Sally Hawkins gives one of the best performances by an actress this year. Every time she is around the sea creature, she is able to show so much love just with her facial expression. There is one scene that stands out to me when I think about her in this movie. She is sitting at the table and eating with the sea creature. She wants to say how much she loves him, but can’t. It then goes into a musical number, reminiscent of a classic musical where they are dancing and she’s is singing about how much she loves him. This scene not only stands out because it’s the only time we hear her talk, but stands out because she conveys so many emotions in one take.

Doug Jones plays the sea creature and is terrific here. He is one of the most underrated actors, partially because he plays a lot of the creatures Guillermo Del Toro’s films. He played the faun and the pale man in Pan’s Labyrinth and Abe Sapien in the Hellboy movies. While he is great in those movies, he gives his best performance in this one. There is a scene where Elisa is trying to take him to her house so he won’t be tortured anymore. Throughout this scene, he is beaten to a pulp and barely hangs onto life, while not being able to breathe for much longer because he is out of water. Just like Sally Hawkins, Doug Jones doesn’t talk throughout this film and his performance is only shown through his facial expressions and movements. He also acts very mythical and majestic because we are told that the South American people worshiped him as a god.

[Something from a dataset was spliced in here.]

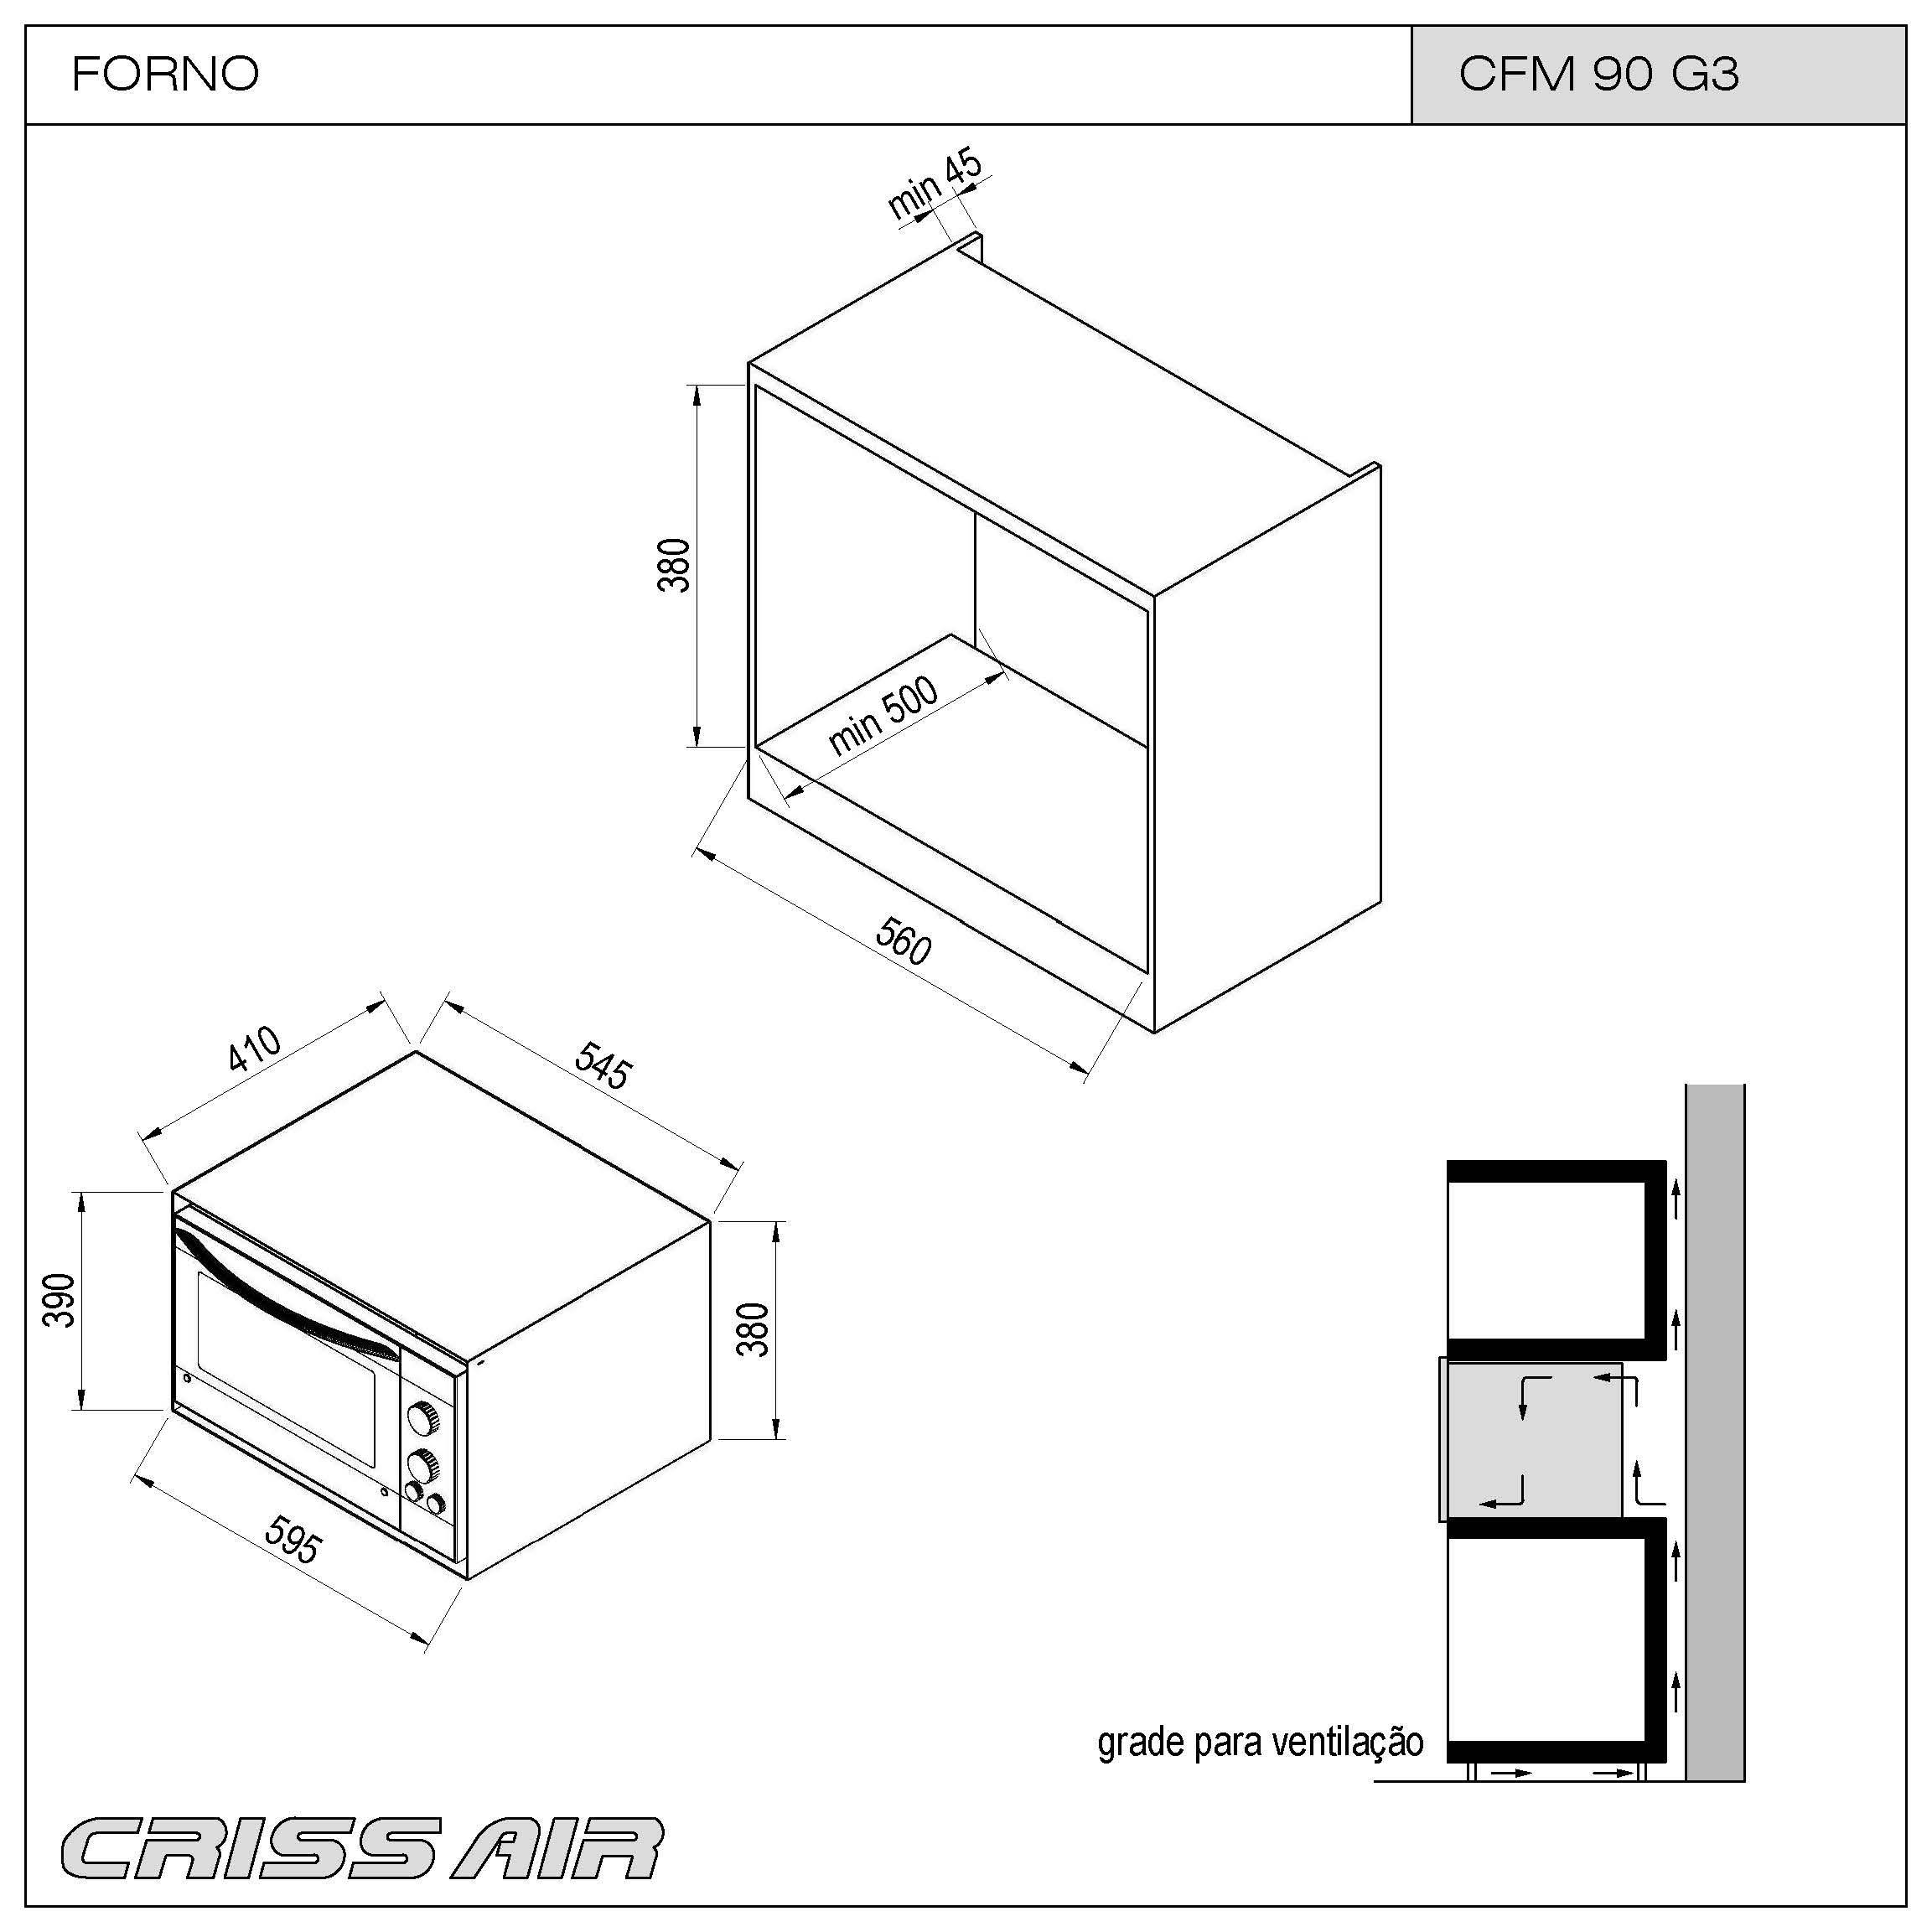 Micro-ondas CFM 90 G3

Michael Shannon is phenomenal in this movie. He is in charge of capturing and killing the sea creature. He was malicious and sadistic. He makes you hate him the more you see him. There is one scene where the sea creature is chained up and Shannon uses a cattle prod to continuously shock him just for the fun of it. He ultimately decides that it should be killed just because he finds out that there is nothing that this creature can be used for to fight the Soviets.

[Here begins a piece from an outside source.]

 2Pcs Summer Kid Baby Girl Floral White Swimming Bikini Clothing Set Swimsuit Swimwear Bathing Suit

Richard Jenkins was the biggest surprise for me. For most of the movie he was the comic relief, and provides most of the humor for the entire film. That being said, he is still a character that is more than just funny, but also has his own struggles with being accepted. There is one scene where he goes to his favorite diner to eat pie. He goes in and has a great conversation with the chef, and then tries to hold his hand, showing that he wants to be romantic with the male chef. He instantly gets shut down and is asked to leave the diner. He may not be some mystical creature, or someone that is mute, but he is gay in a time where that is looked down upon.

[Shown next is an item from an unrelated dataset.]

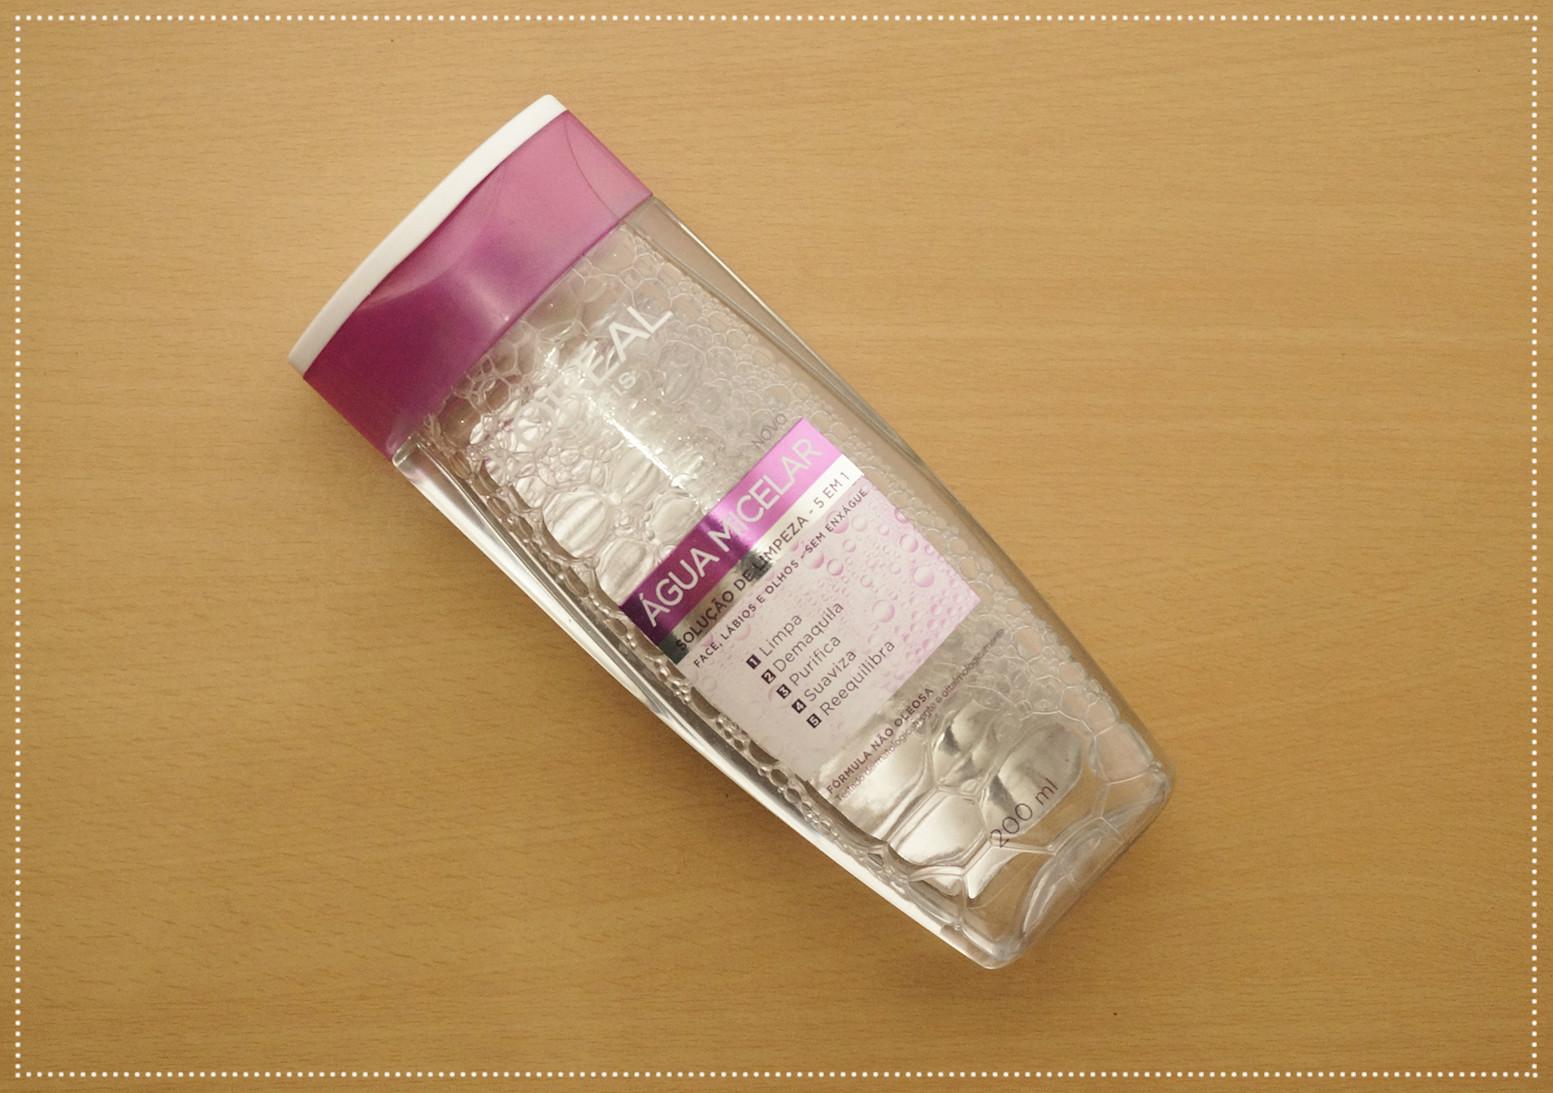 água micelar L'Oréal,água micelar L'Oréal, demaquilante loreal, loreal, produtos loreal, água loreal, loção loreal

Something else that was visually striking about this film was the use of makeup. Like I said previously, all of Guillermo Del Toro’s films have a strong emphasis on production and costume design, and while those elements stand out, the thing that stands out the most was the makeup. Early on in the film, Strickland loses two of his fingers and then they are both sewn back on and the further we get into the film, the more disgusting they become. At the end of the film, something happens with the fingers and it was so repulsive that I had to look away. The makeup sold that scene along with everything in the film involving those fingers.

The Shape of Water was an amazing experience and I do not have a single complaint. That being said, Guillermo Del Toro is an acquired taste so if you have never seen one of his films, I would enter with a very open mind.